В поисках железной трубы Сун Чанцзян отвел Жун Цютяня к вонючей канаве возле ветеринарной станции и нашел ее там. Жун Цютянь сказал, что в тот день он подобрал железную трубу по дороге и вообще-то хотел убить ею собаку Хун Цзыцая, потому что она норовила выпрыгнуть со двора и укусить его каждый раз, когда он шел по переулку Бологан. В тот день он не видел Го Мэй и не знал, что она прошла по переулку Бологан. То, что они оба прошли там с разницей в три минуты, было чистым совпадением.
– Я тебе так скажу, хватит двух свидетелей, чтобы суд приговорил тебя к смертной казни, – сказал Сун Чанцзян, запечатывая железную трубу в пластиковый пакет. – Но к тем, кто признал свою вину, проявляют снисхождение. Будь откровенен, расскажи все начистоту, и тебе дадут отсрочку от казни.
Жун Цютянь осознал серьезность ситуации и нашел бесчисленные доказательства того, что он не приставал к Го Мэй, не говоря уже о том, чтобы убивать ее. Все, что он набубенчал, было совершенной чепухой, сказанной от безделья, он сам до отвала наелся этими глупостями. Но он признал, что любил мятный запах Го Мэй и что однажды он приблизил нос к ее груди, чтобы понюхать поближе, и Го Мэй не протестовала и дала ему нанюхаться вдоволь, но он неукоснительно держал нос на расстоянии трех сантиметров от ее грудей. Го Мэй и вправду была добрым человеком, она разрешала нюхать себя и другим мужчинам, но только если их нос держался на расстоянии трех сантиметров от ее персей. В Даньчжэне за такое не осуждали, особенно такую женщину, как Го Мэй.

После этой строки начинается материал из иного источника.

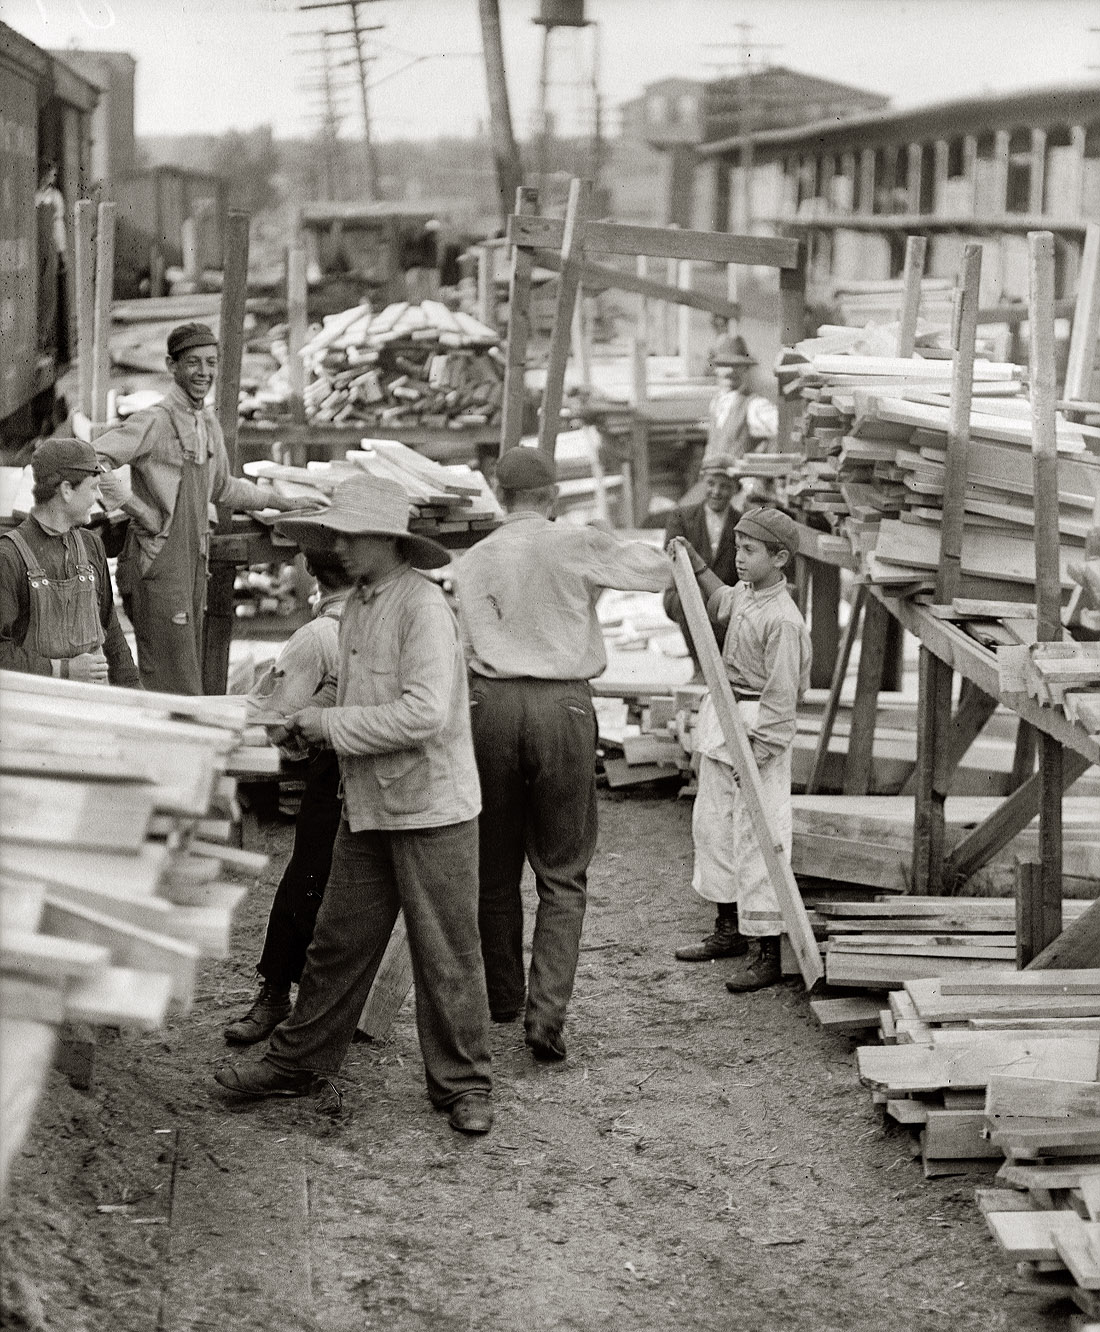 September 1910. "Boys working for Hickok Lumber Company. Burlington, Vermont." Photograph by Lewis Wickes Hine. View full size.

Сун Чанцзян какое-то время не мог найти неопровержимых доказательств, что убийство совершил Жун Цютянь, но сказал ему:
– Теперь доказательств в целом достаточно. Просто жди приговора суда. Может быть, тебя расстреляют с исполнением приговора на месте, тебе нужно морально подготовиться. Иногда чистосердечное признание может и не спасти, но это лучше, чем сопротивляться.

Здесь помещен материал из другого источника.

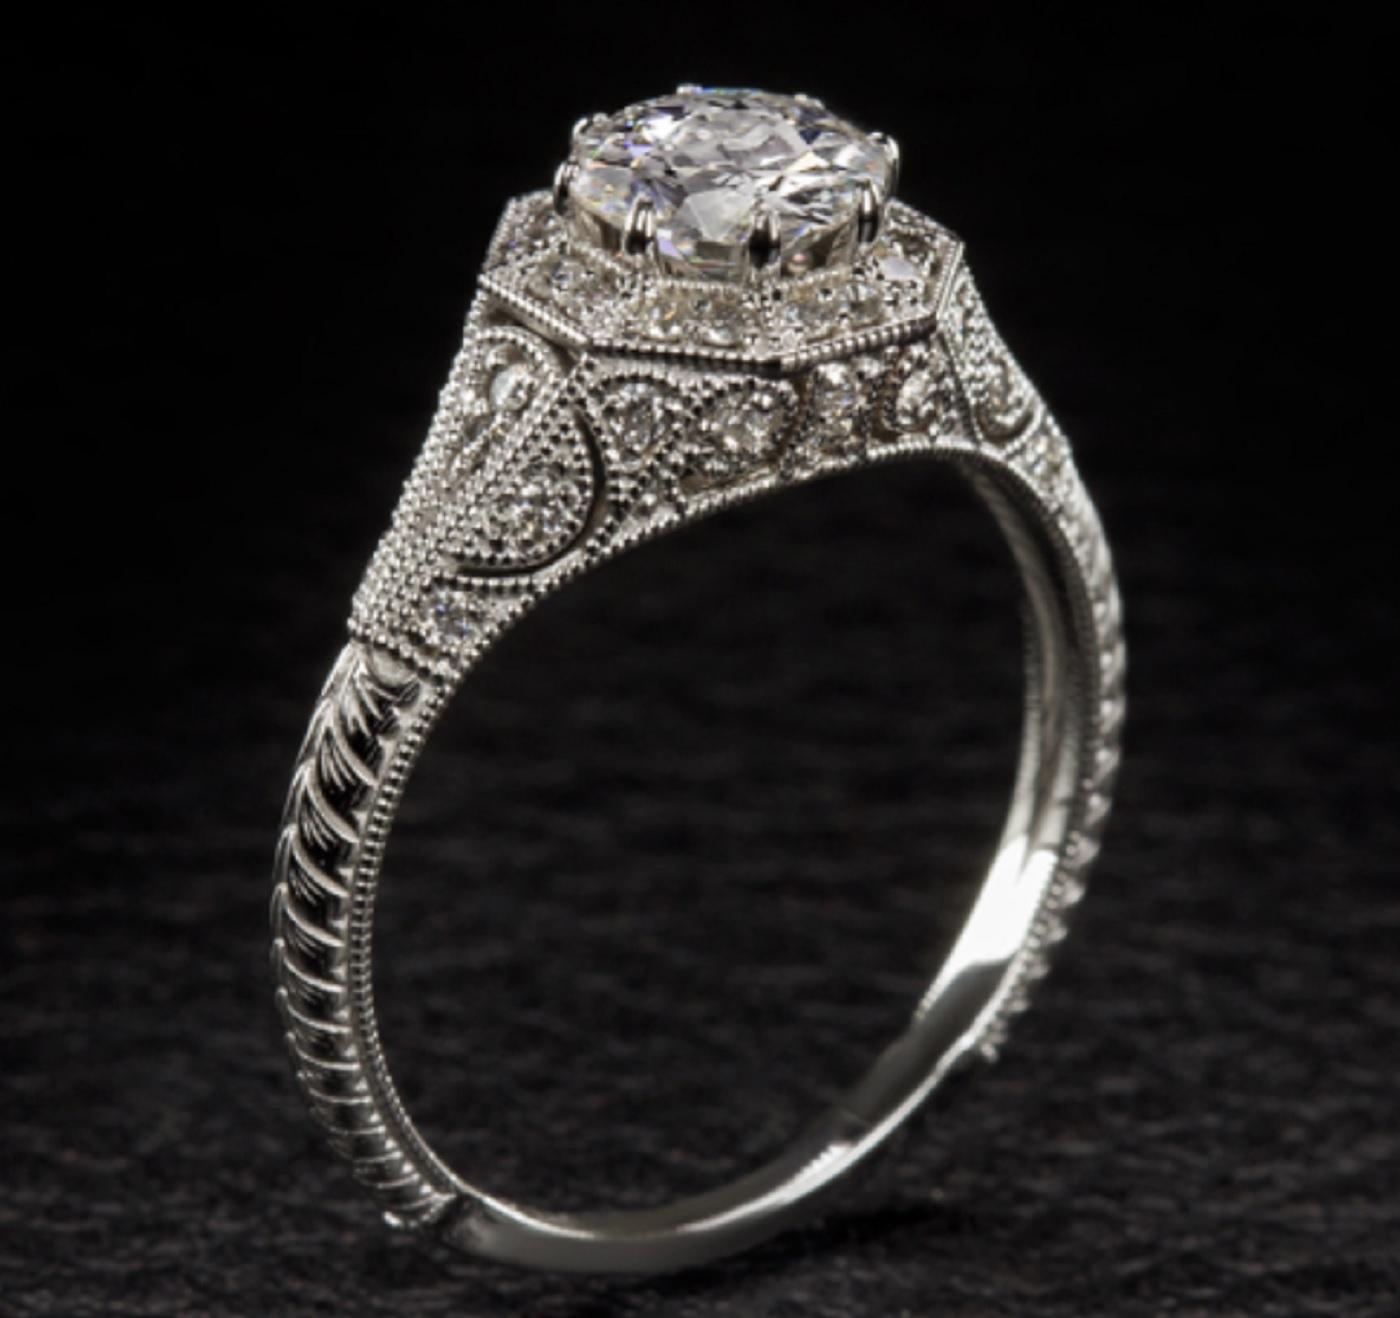 This richly detailed and timelessly designed vintage style ring showcases a stunning old European cut diamond richly accented by a romantic vintage style setting. Graded F for color, the 0.70 carat center diamond is colorless, a rarity in diamonds

От ужаса Жун Цютянь внезапно рухнул на землю как подкошенный. Сун Чанцзян воспользовался моментом, чтобы надеть на него наручники и запереть в каталажку при полицейском участке по подозрению в убийстве.
Это был уже второй раз за год, когда Жун Цютянь оказался в казематах. Ходили слухи, что это подземелье было вырыто еще во времена Китайской Республики. С тех самых пор там погибло немало людей. Жун Цютянь считал, что казематы гораздо ужаснее, чем камера, в которой он сидел раньше, они были бездонные, как будто находились глубоко в сердце земли, по соседству с адом. Они воняли фекалиями и трупами, и тамошний воздух, по всей видимости, не менялся десятилетиями. Стояла такая темень, что в ней растворялись пальцы вытянутой руки, и за исключением дыры, в которую мог бы засунуться только один человек, других отверстий не было. Входная дверь представляла собой ржавую железную пластину толщиной в три цуня[45]. Как только это отверстие закрывалось, даже на крыльях было не сбежать. На этот раз он сидел в подземелье в одиночестве. Сун Чанцзян не бил и не ругал Жун Цютяня, просто не давал ему есть, а вместо еды бросал в подземелье крыс. Крыс становилось все больше, сбежать они не могли и были так голодны, что рвали друг друга на части. Безысходно голодный Жун Цютянь хотел сцапать крысу, ошкурить и съесть, но понял, что сил не осталось даже на то, чтобы поймать ее. Более того, посреди ночи крысы нагло грызли его собственную плоть.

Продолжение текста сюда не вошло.